Water-Based vs. Alkyd Comparison
The model was applied to compare emission profiles:
| Coating Type | Initial Emission Rate | 1-Month Rate | Relative Emission |
|---|---|---|---|
| Alkyd floor coating | >1,000 ug/m2/h | ~200 ug/m2/h | Baseline (10-30x) |
| Water-based acrylic | ~100 ug/m2/h | ~20 ug/m2/h | 10x lower |
| Low-VOC water-based | ~30 ug/m2/h | ~5 ug/m2/h | 30x lower |
Water-based systems showed 10-30 times lower emissions than alkyd equivalents - a substantial improvement, though not elimination.
The Long Emission Tail
The power-law model's critical insight is the emission tail - the low-level but persistent emissions that continue for months:
Why Emissions Persist
- Reservoir effects: Solvents absorbed into porous substrates slowly release
- Diffusion limitation: Solvent must migrate through cured film to surface
- Film thickness: Thicker coatings have longer diffusion paths
- Temperature dependence: Higher temperatures accelerate emission
- Substrate interaction: Concrete, wood, and drywall absorb and re-emit VOCs
The 12-Month Horizon
The model predicts that significant emissions continue for at least 12 months.

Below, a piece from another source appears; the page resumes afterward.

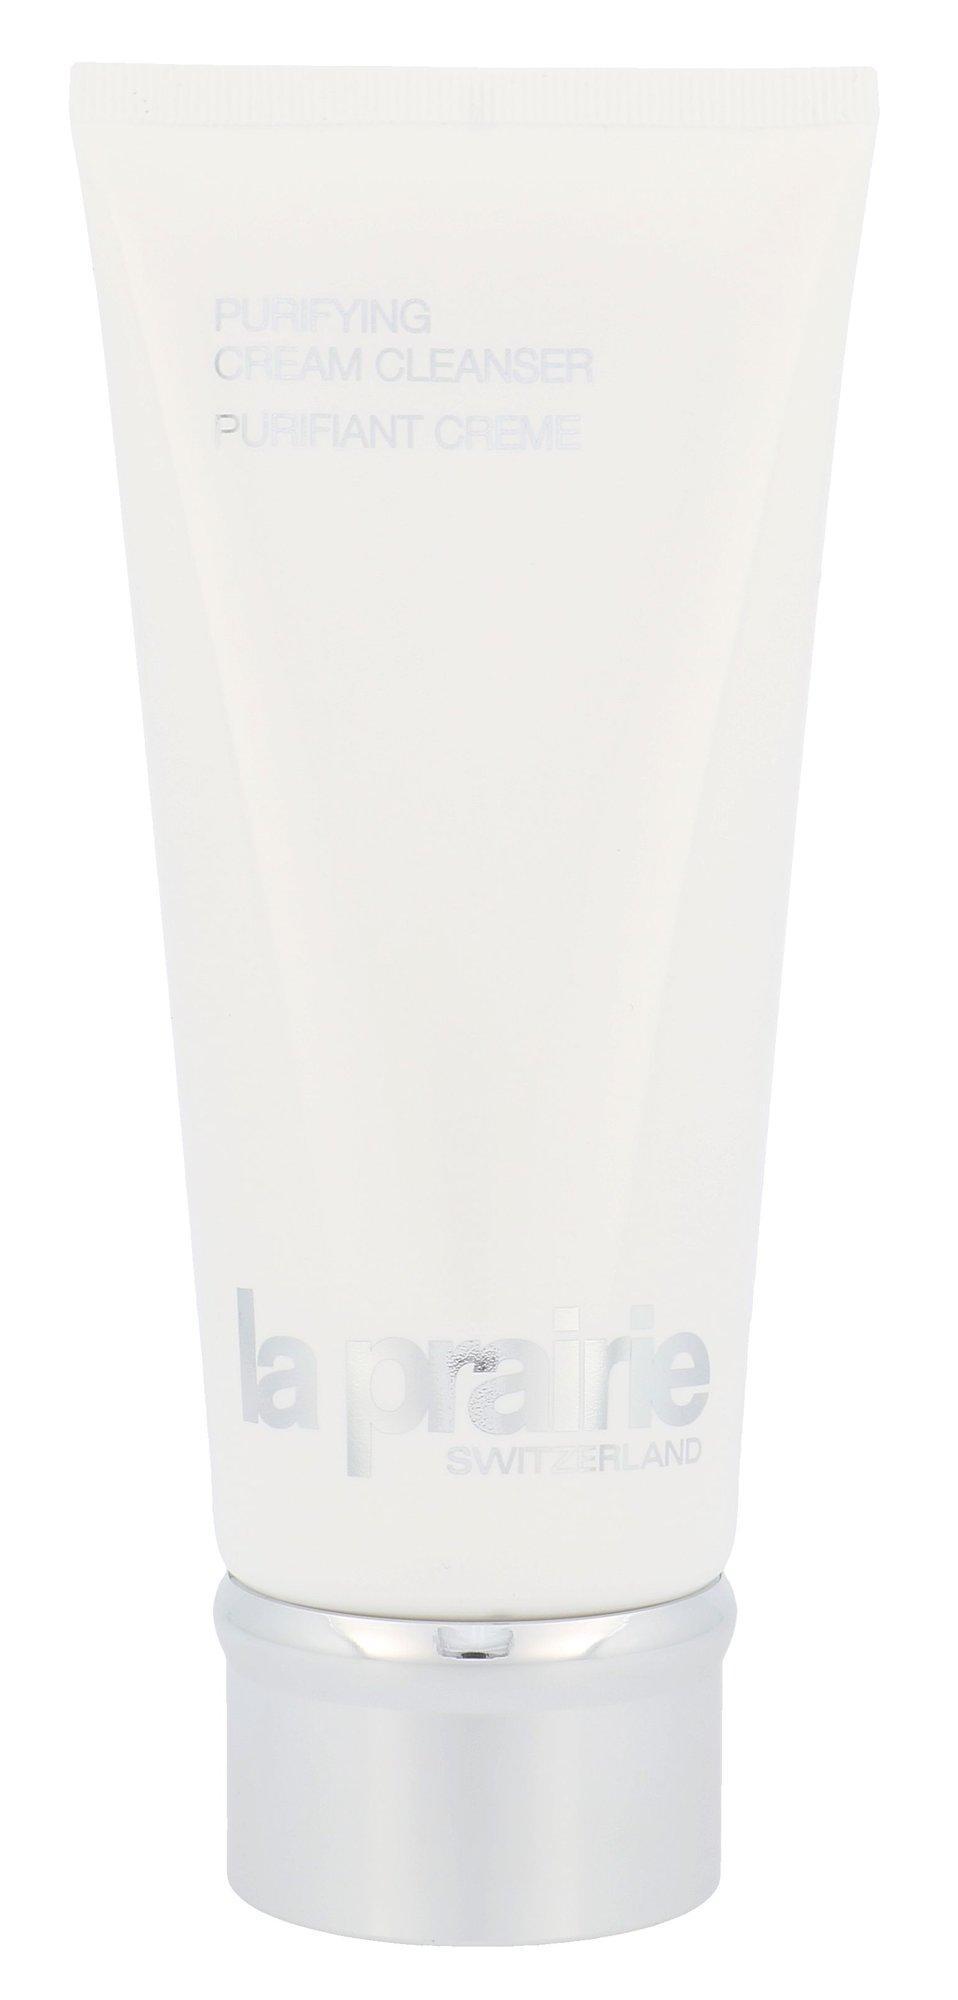 La Prairie Purifying Cream Cleanser Cosmetic 200ml

This is not a regulatory artifact or measurement limitation - it is the physical reality of solvent diffusion through polymer films and porous building materials.
Practical Applications
The Clausen model enables several practical applications for facility managers:
1. Re-Occupancy Timing
Using the model, managers can estimate when VOC concentrations will fall below health-based targets:
| Target Concentration | Alkyd Coating | Water-Based | Low-VOC |
|---|---|---|---|
| 500 ug/m3 (moderate) | 2-4 weeks | 3-7 days | 1-3 days |
| 200 ug/m3 (good) | 2-3 months | 2-4 weeks | 1-2 weeks |
| 100 ug/m3 (excellent) | 6-12 months | 1-3 months | 2-4 weeks |
These estimates assume standard office ventilation rates (3-6 air changes per hour).

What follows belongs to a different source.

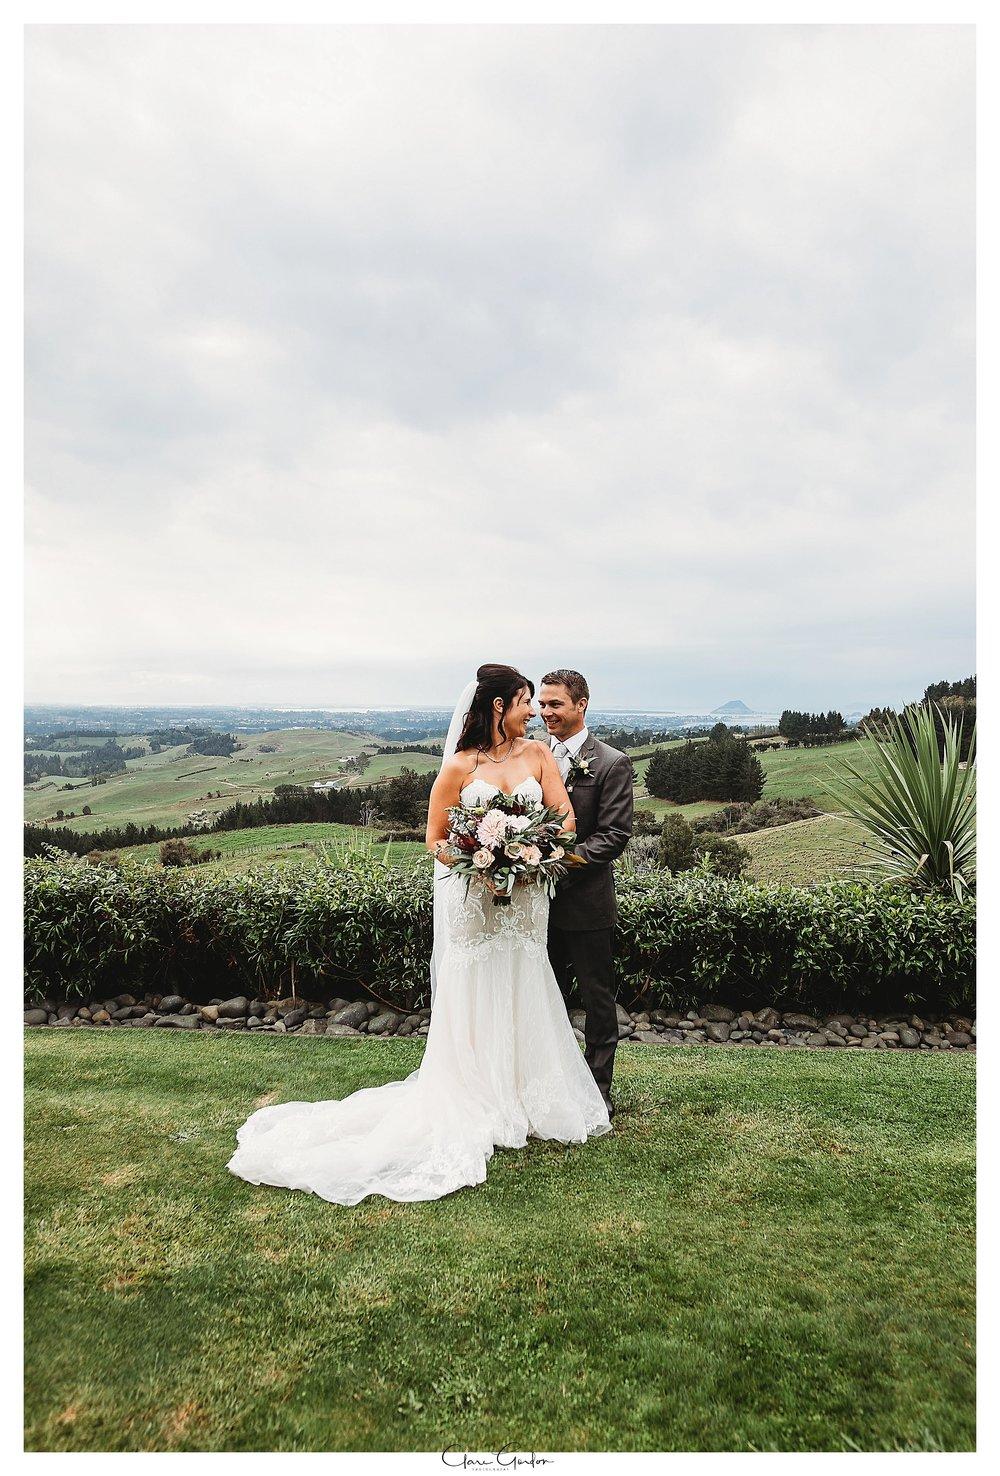 Eagle-ridge-wedding-photo-bride-and-groom

2. Ventilation Requirements
The model can calculate the ventilation rate needed to achieve target concentrations at specific times:
Required ventilation = (Emission rate * Floor area) / Target concentration
For alkyd coatings, achieving low concentrations within weeks may require ventilation rates impractical for occupied buildings.
3. Coating Selection
The model quantifies the emission benefits of different coating choices:
- Switching from alkyd to water-based: 10x emission reduction
- Switching to low-VOC formulations: 30x emission reduction
- Switching to powder coating: Near-zero emissions
Limitations and Extensions
The Clausen model has important limitations:
- Single compound assumption: Models total VOCs; individual compounds may have different profiles
- Constant conditions: Assumes constant temperature, humidity, and ventilation
- Flat surface: Developed for floor coatings; walls and ceilings may differ
- Fresh substrate: Assumes clean, non-absorbing substrate
Later researchers extended the model to account for:
- Multi-compound emissions: Different decay rates for different VOCs
- Substrate absorption: Sink effects in porous materials
- Variable conditions: Temperature and humidity fluctuations
- Building-scale modeling: Integration with whole-building simulation
Regulatory Context
The Clausen model influenced European indoor air quality regulations:
- Danish indoor climate labeling: Requires emission testing and modeling
- European Collaborative Action (ECA): Incorporated emission prediction into IAQ guidelines
- ISO 16000 series: Standardized emission testing protocols
The model's quantitative approach shifted regulatory thinking from "zero-VOC claims" to "predicted exposure based on emission profiles."
The Government Facility Application
For government agencies managing building portfolios, the Clausen model provides a framework for:
- Predicting IAQ impacts of renovation projects
- Planning re-occupancy with quantitative confidence
- Comparing coating specifications on emission performance
- Budgeting for ventilation during and after coating work
- Justifying premium coatings based on quantified emission reductions
Powder Coating: Beyond the Model
The Clausen model describes solvent-based coating emissions. Powder coatings exist outside this framework because they contain no solvents to emit:
- No power-law decay (nothing to decay)
- No emission tail (no reservoir of solvent)
- No substrate absorption of VOCs (no VOCs present)
- No 12-month emission horizon (emissions are essentially zero)
For applications where powder coating is suitable, the emission prediction becomes trivial: zero. For applications requiring liquid coatings, the Clausen model supports specifying the lowest-emitting alternative and planning adequate ventilation for the predicted emission duration.
Conclusion
The Clausen one-year model transformed understanding of coating emissions from a qualitative observation ("paint smells for a while") to a quantitative prediction ("emissions follow a power law decline from >1,000 to <50 ug/m2/h over 12 months"). This mathematical rigor enables informed decision-making about coating selection, ventilation, and re-occupancy timing.
For government specifications, the model's message is clear: alkyd and solvent-based coatings create a year-long emission burden that affects indoor air quality, worker health, and building usability. Water-based alternatives reduce this burden by 10-30x but do not eliminate it. Powder coating, where applicable, removes the emission source entirely. The choice between these options is not merely technical - it is a decision about how long occupants will breathe coating emissions after the paint has dried.